Светлый фон

Это обстоятельство заставило нас еще раз оценить каждый наш шаг, сделанный в доме Шуманова. Теперь уже не было сомнения в том, что аптекарь Ванков сообщил правду. Значит, был бриллиант, и следовательно, история вокруг бриллиантов не была выдуманной, сокровища князя существовали, но где они — пока никто не знал, и нам необходимо продолжать их поиск с еще большим упорством. Вот поэтому оперативной группе нужно было действовать осмотрительнее.

Однако наши старания привели в страшную ярость добрую экономку Янкову. В доме буквально все было вывернуто, проверены все вещи, каждое платье, все, до одной, книги, мебель, включая свечи и спички на кухне. И тогда разъяренная женщина, дом которой стал похож на развалины после сильного землетрясения (были вскрыты некоторые подозрительные места в стенах, поднят паркет), заорала на следователя: «Почему вы не хотите понять, что эти игрушки (имея в виду бриллианты) я не видела?»

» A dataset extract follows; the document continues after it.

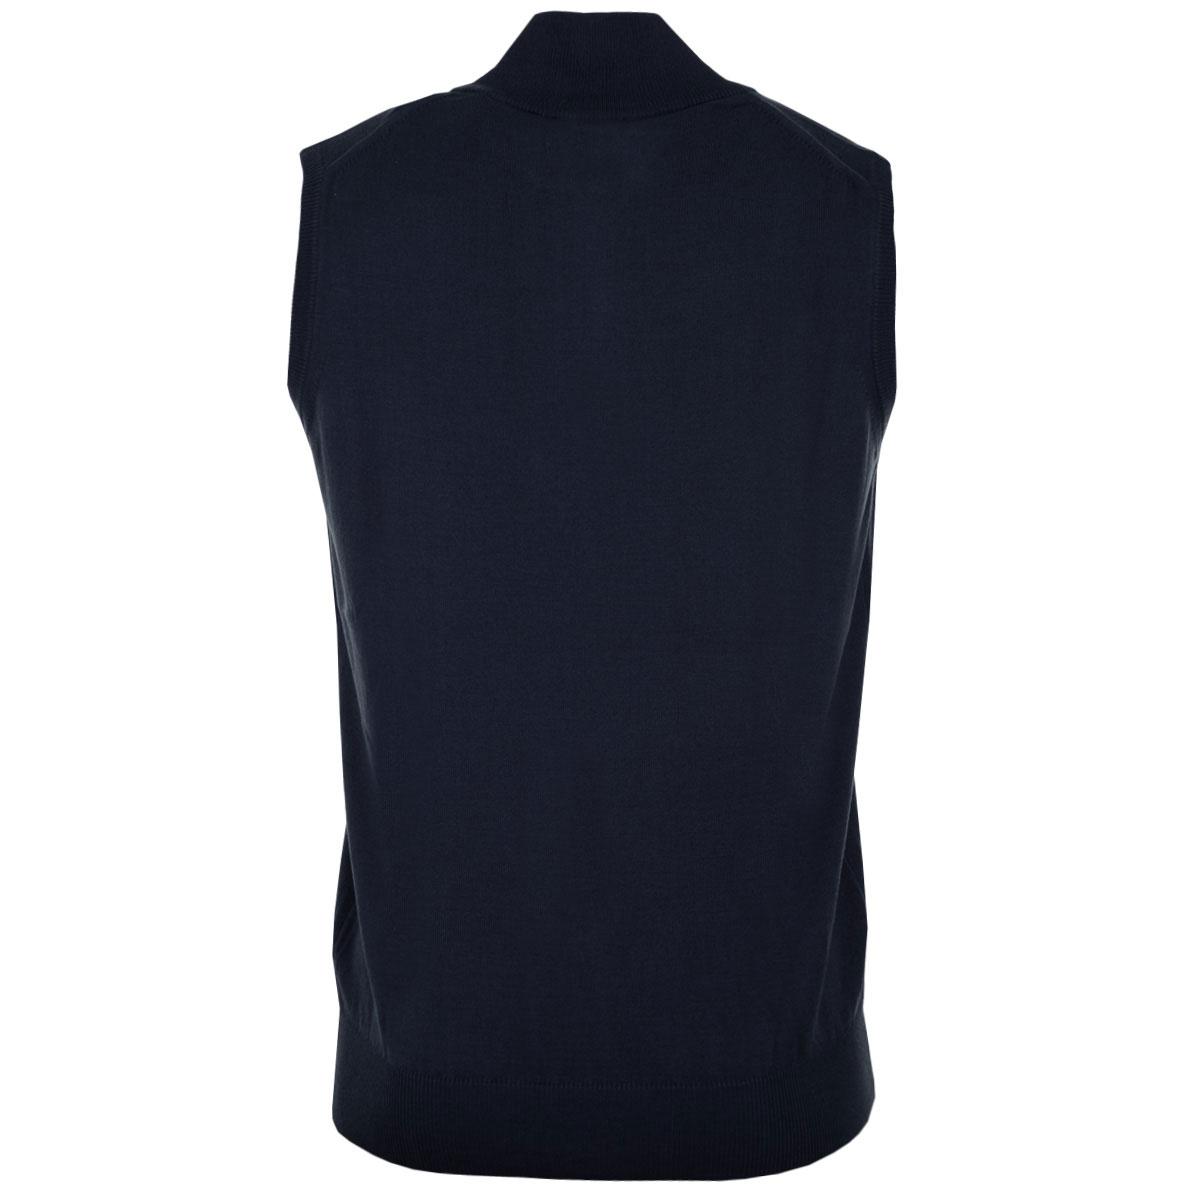 Calvin-Klein-Golf-Mens-CK-1-4-Zip-Sleeveless-Sweater-Vest-Gilet-27-OFF-RRP thumbnail 17
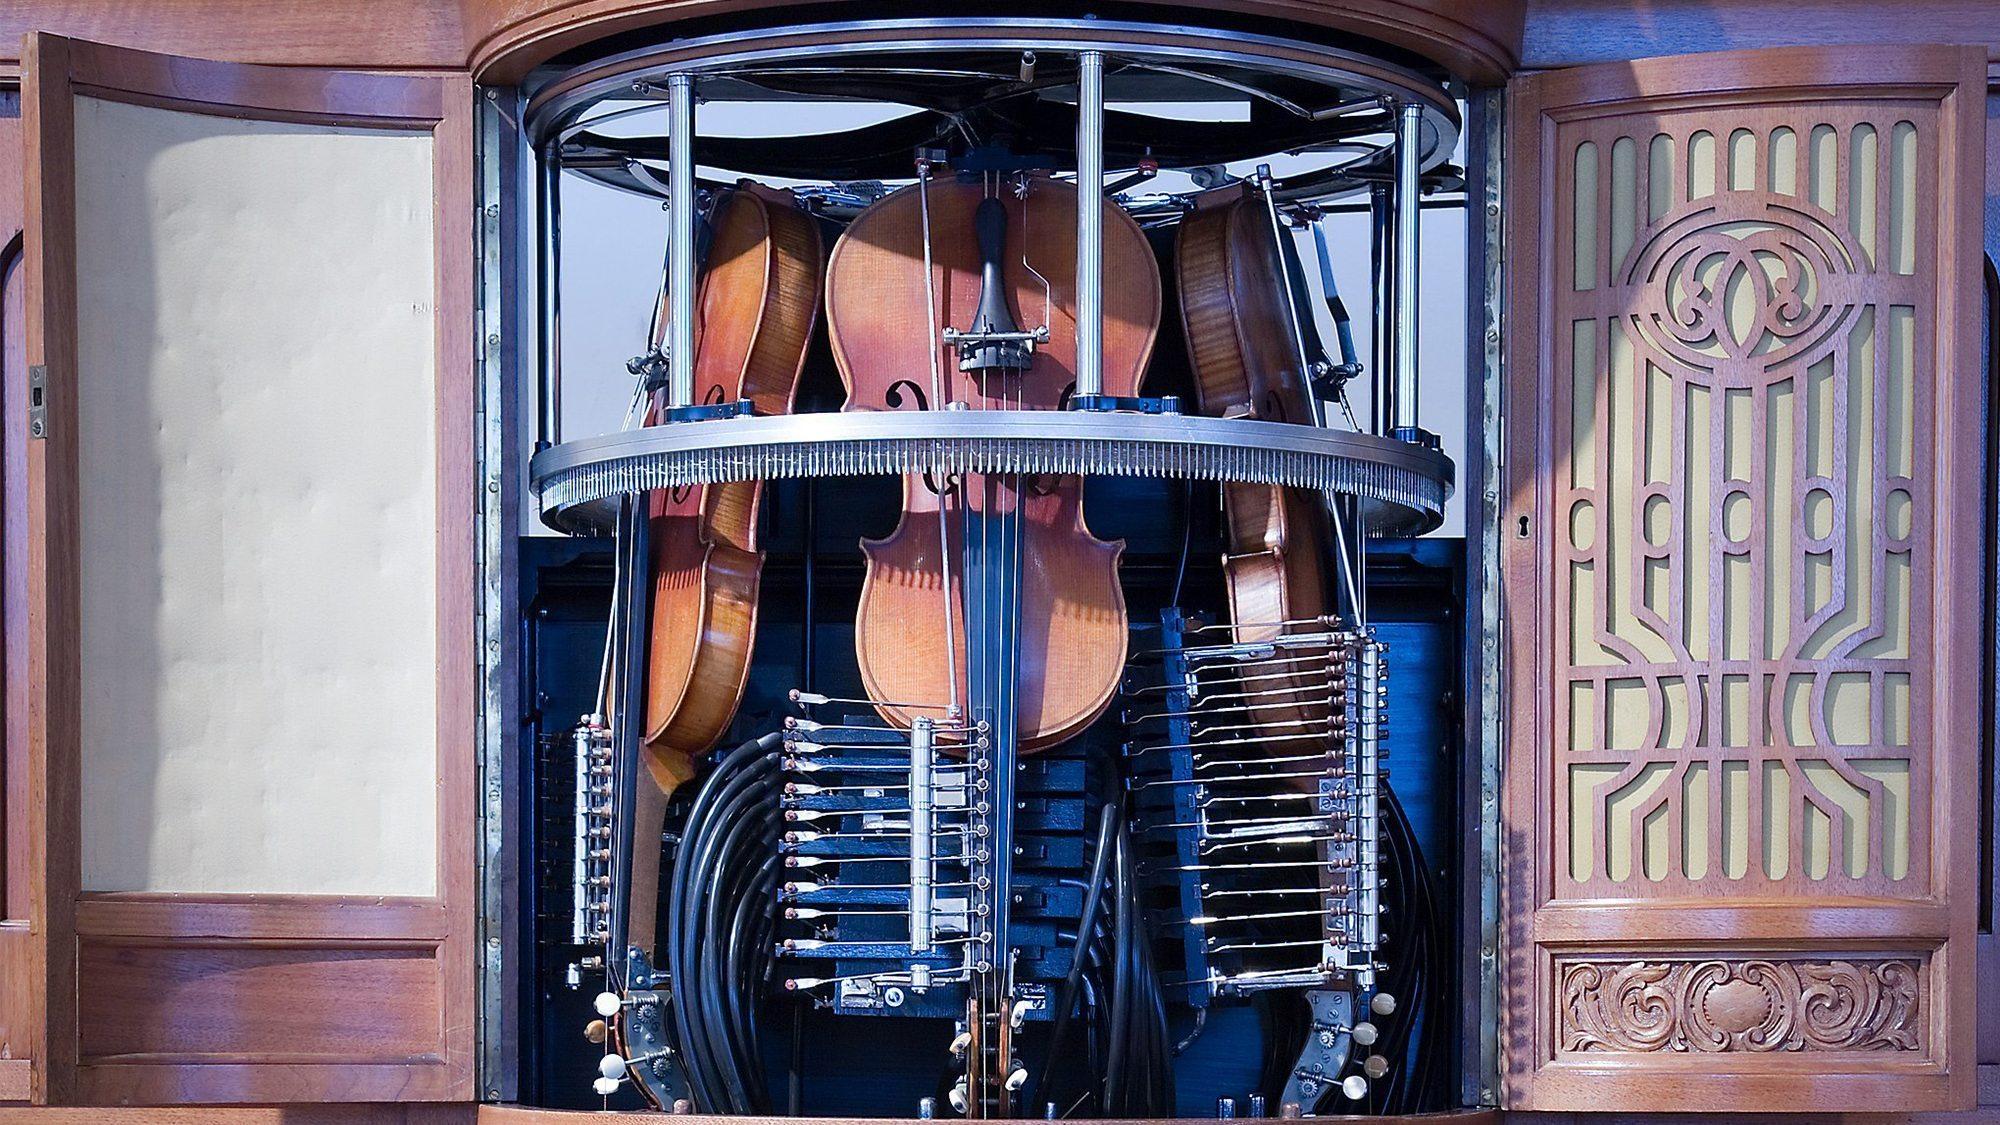 Image: the Hupfeld Phonoliszt Violina, the 100-year-old self-playing violin

Размышляя над ее словами, которые передал Бакрачев, я пришел к заключению, что, возможно, Янкова на этот раз сказала правду. Необходимо было пока оставить экономку в покое, а все внимание сосредоточить на доценте Патьо Филипове.

Тот факт, что доцент Филипов был одним из приближенных людей Шуманова, приобретал немаловажное значение. Вместе с академиком Петром Христакиевым они представляли выдающуюся троицу в ученом мире, известную в столице своей общей слабостью к художественным выставкам и концертам. Это означало не только слепое поклонение искусству, но одновременно — оказание помощи и покровительство его добрым и преданным жрецам. Ни для кого не было тайной, что эти состоятельные мужи поддерживали и тайно и открыто бедных студентов и молодых людей, начинающих художников и музыкантов, проявивших талант.

После установления народной власти их функции меценатов были прекращены, а всем троим оставлены занятия по гражданским профессиям.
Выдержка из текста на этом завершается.